Sorry to be a pain, surely it's been mentioned before, just wanted to know:
1) What SP's work for whiting (is there a PIPI SP??) 
2) What hooks/sinkers to be used for these SP's?
Thanks


----------



## Rstanek (Nov 5, 2007)

Most worm style plastics should work. I've been getting them on the Gulp 6 and 2 inch sandworms in 'Camo' colour.
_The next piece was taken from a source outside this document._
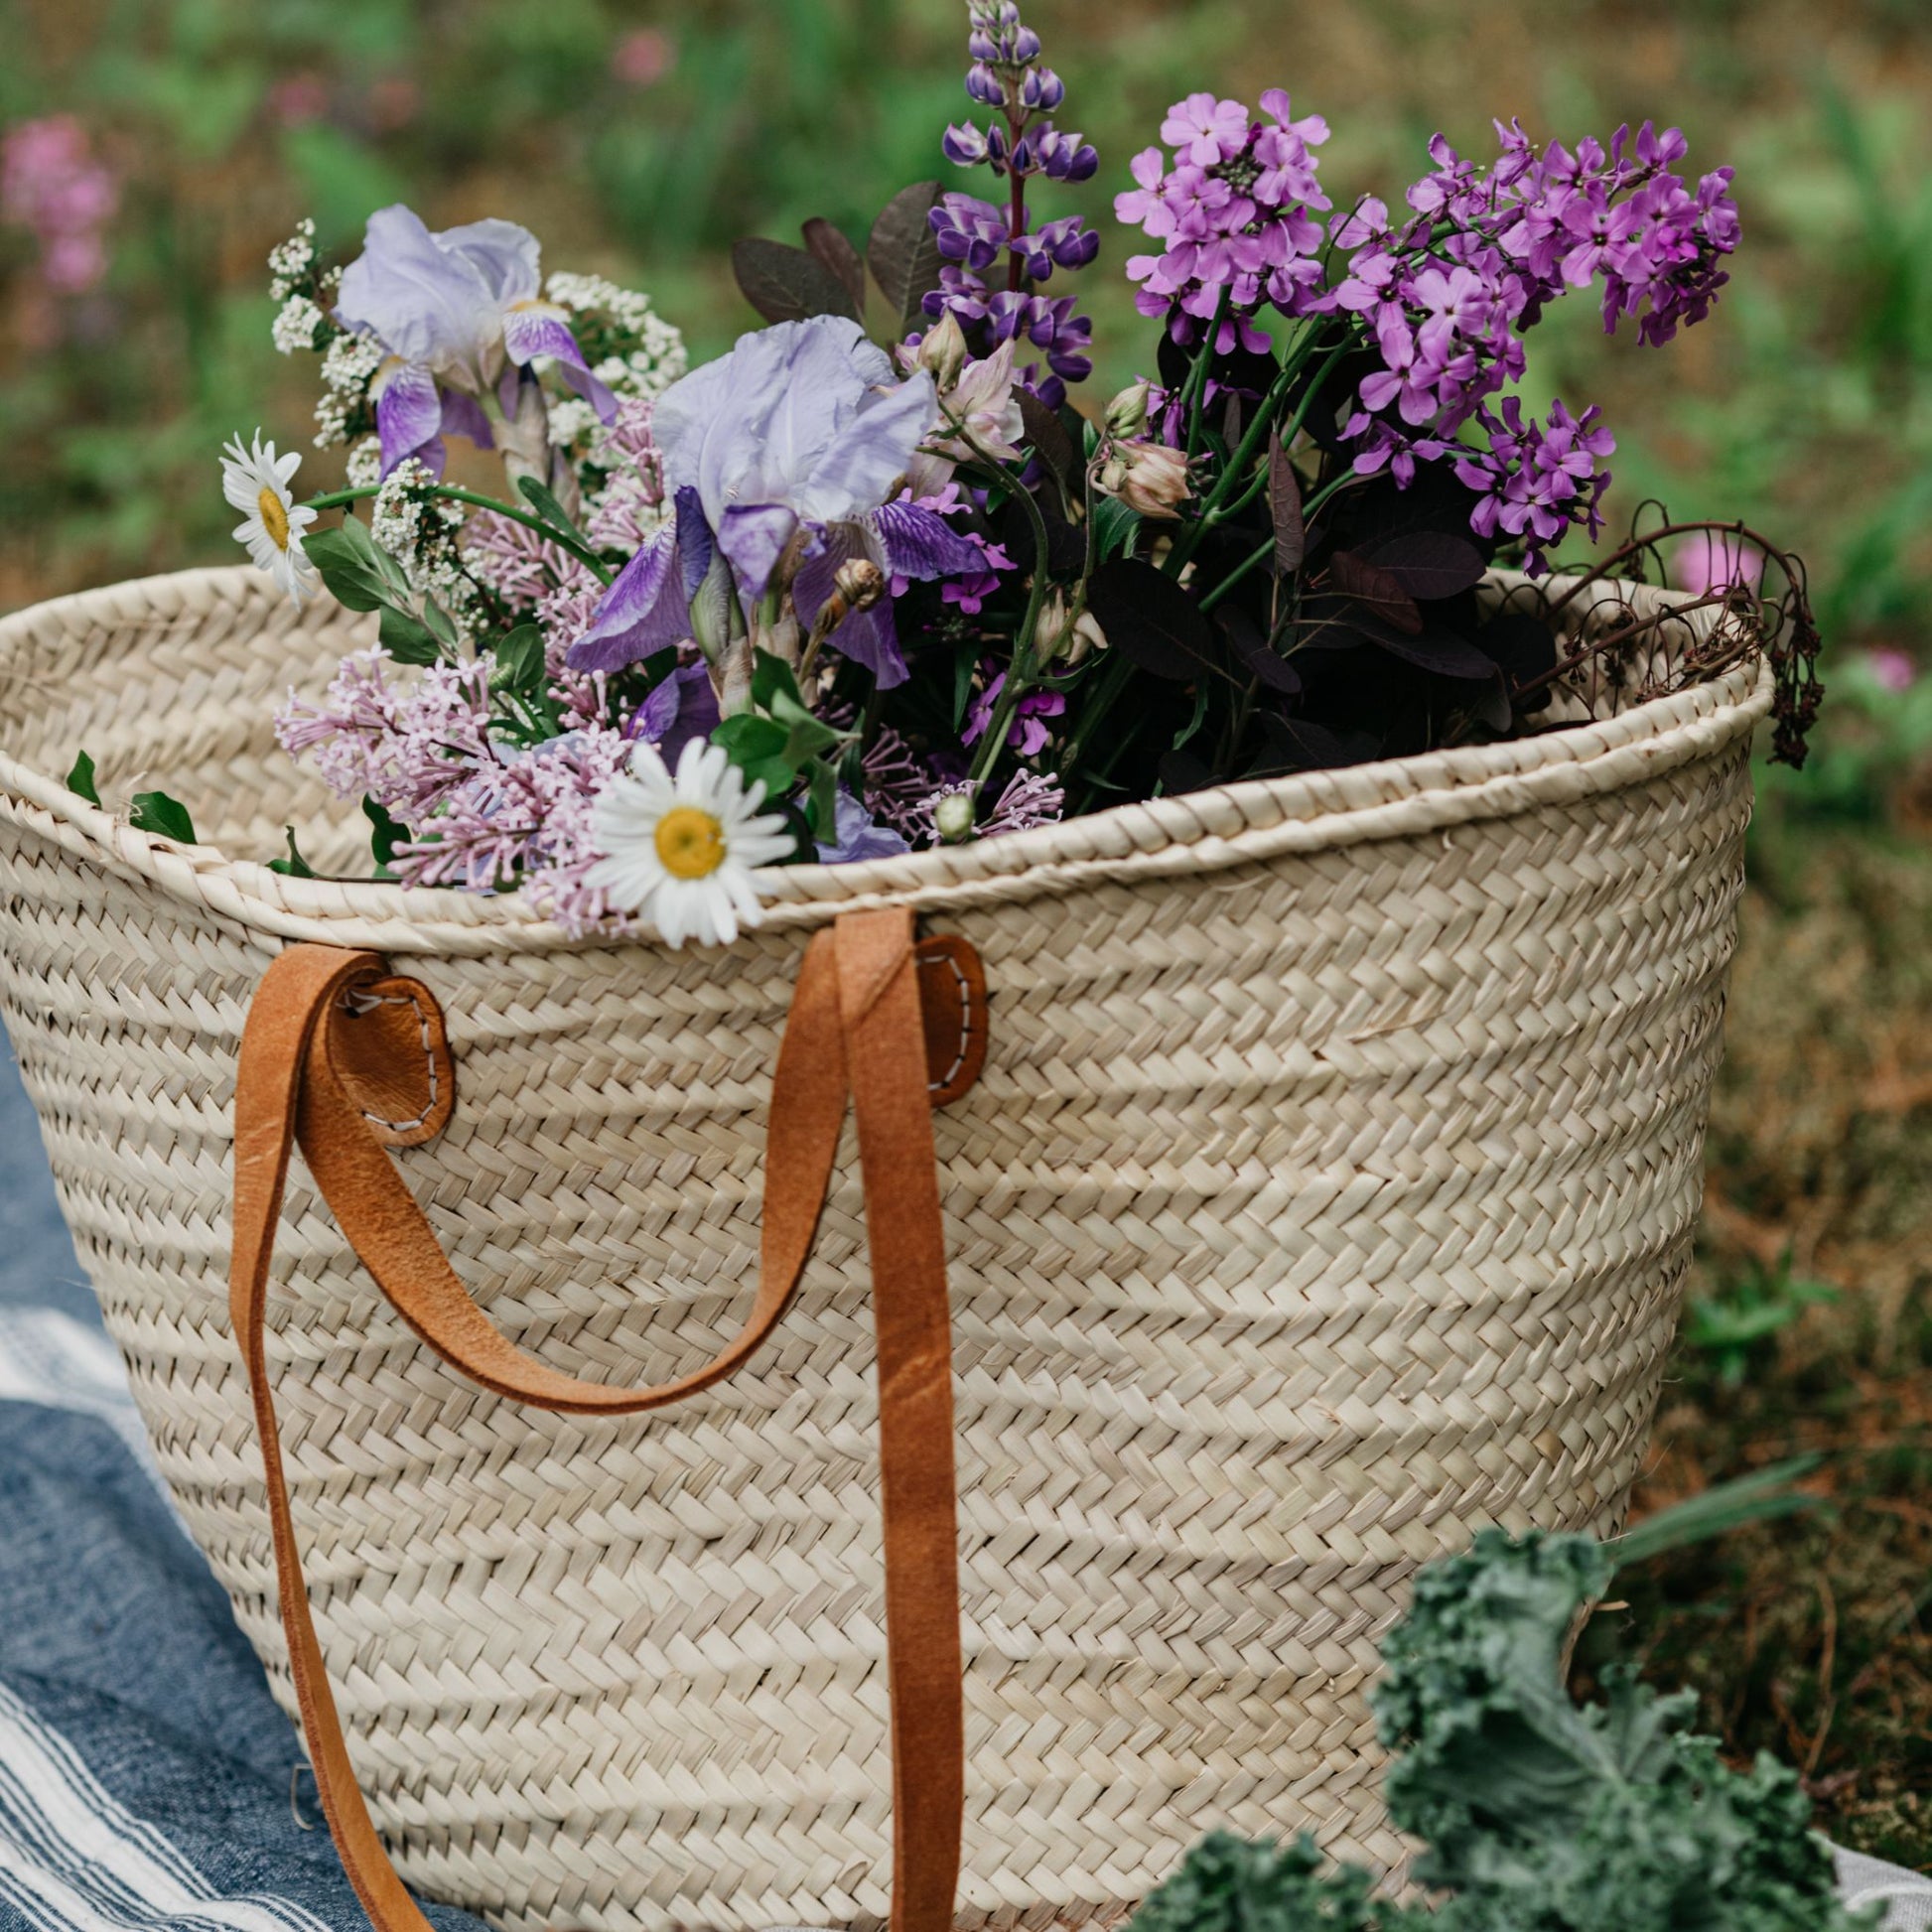 French Market Tote Basket with flowers in it resting on grassland.

I use the same jighead that I use for bream, and don't go lighter that aabout 1/16 on the flats, as a bit of lead helps to puff up more sand off the bottom which I think attracts them.

This is for yellowfin whiting though, not sure if the same goes for KGW's.


----------



## GoneFishn (May 17, 2007)

I have been having success on the berkley gulp worm in the blood colour also the turtle back in pumpkin seed, I use the worm hooks rigged texas style

Here is a few rigs I use









Texas








Caralina








Floating/Swimming


----------



## Squidder (Sep 2, 2005)

viewtopic.php?f=10&t=18747&p=202513&hilit=whiting+sp#p202513


----------



## pescado (May 17, 2007)

Jono, heard that those gulp worms are good - just dont have the patience to work them realllly slow

Ive got a few tings as bycatch on prawn plastics and squidgy wrigglers in bloodworm. Hooked a nice one at tuross on an atomic prong when i saw a ting smashing prawns in the shallows...threw the placcy into the mix and he nailed it....good fun ;-)


----------



## Revo (Aug 3, 2008)

I haven't had much success with whiting in estuaries with SPs, but offshore I've caught some good size whiting using pumpkinseed 3'' minnows.


----------



## ELM (Jul 14, 2008)

I have been keeping any of my gulps that have had the tail bitten off, was going to throw them in the blender for burly (pay enough not to gust throw away), anyway low on bait I decided to slice one into thin fillets rigged similar to the floating rig GoneFishn posted (only just enough weight to get it down on the bottom and a circle hook). I then let it just drift down in the current (no cast) had marginal success at Blairgowrie but no takers at Rosebud.


----------